Two .45 ACP M1911s are quite enough to accomplish any job you might need to do.
Ask me how I know.


----------



## tony pasley (May 6, 2006)

Well I will keep up the collecting of 1911s.


----------



## Shipwreck (Jan 26, 2006)

got2hav1 said:


> If you had to be down to two, can't think of a better two to keep. Which finish do you like better. Duty Coat of SS. I kinda wish I had gotten the DC.
> 
> I did dress mine up with some new grips!


Stainless has always traditionally been my favorite for a 1911. However, the Duty Coat black with the silver trigger just looks so sweet. I'd say I am 51% stainless in preference and 49% Duty Coat. The Duty Coat is a tougher finish, but they charge more for it too. I bought my VBOB from a dealer who sells out of his home, so I got it cheaper than other places have it listed for. BUt usually, most places charge $300 more for the Duty Coat version of a Valor.
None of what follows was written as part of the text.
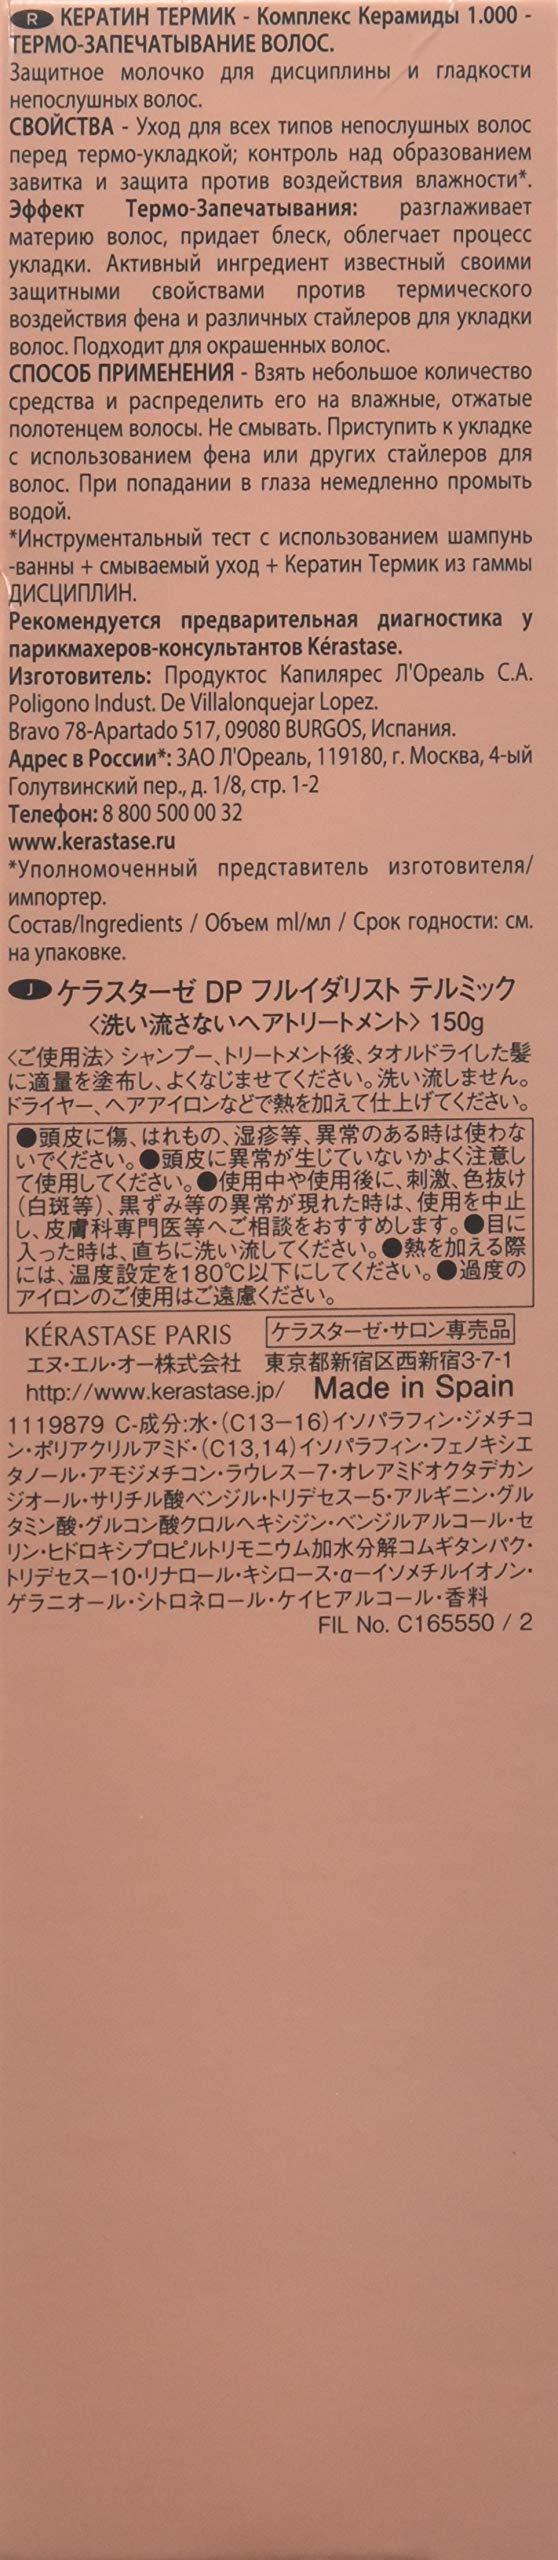 KERASTASE Discipline Keratine Thermique Smoothing Taming Milk Anti-Frizz, 5.1 Ounce

If the price was the same, I might have a fullsize Duty Coat Valor. Who knows. I like both looks.

Almost every 1911 I've prev owned was either hard chromed, stainless or 2 tone. I've never had an all black one before. I could have had him order me a stainless VBOB for less - but I wanted something different. I've never owned a Commander sized 1911 prior to the VBOB too.


----------



## got2hav1 (Dec 18, 2014)

I've owned a full size Kimber and DW Heritage, but prefer the commander size guns. The Valor V Bob is my favorite 1911.


----------



## BigCityChief (Jan 2, 2013)

Two fine pistols, Shipwreck. I've got 18 1911's - may start thinning the herd to finance new acquisitions like the Beretta Brigadier I was checking out today.


----------



## Shipwreck (Jan 26, 2006)

BigCityChief said:


> Two fine pistols, Shipwreck. I've got 18 1911's - may start thinning the herd to finance new acquisitions like the Beretta Brigadier I was checking out today.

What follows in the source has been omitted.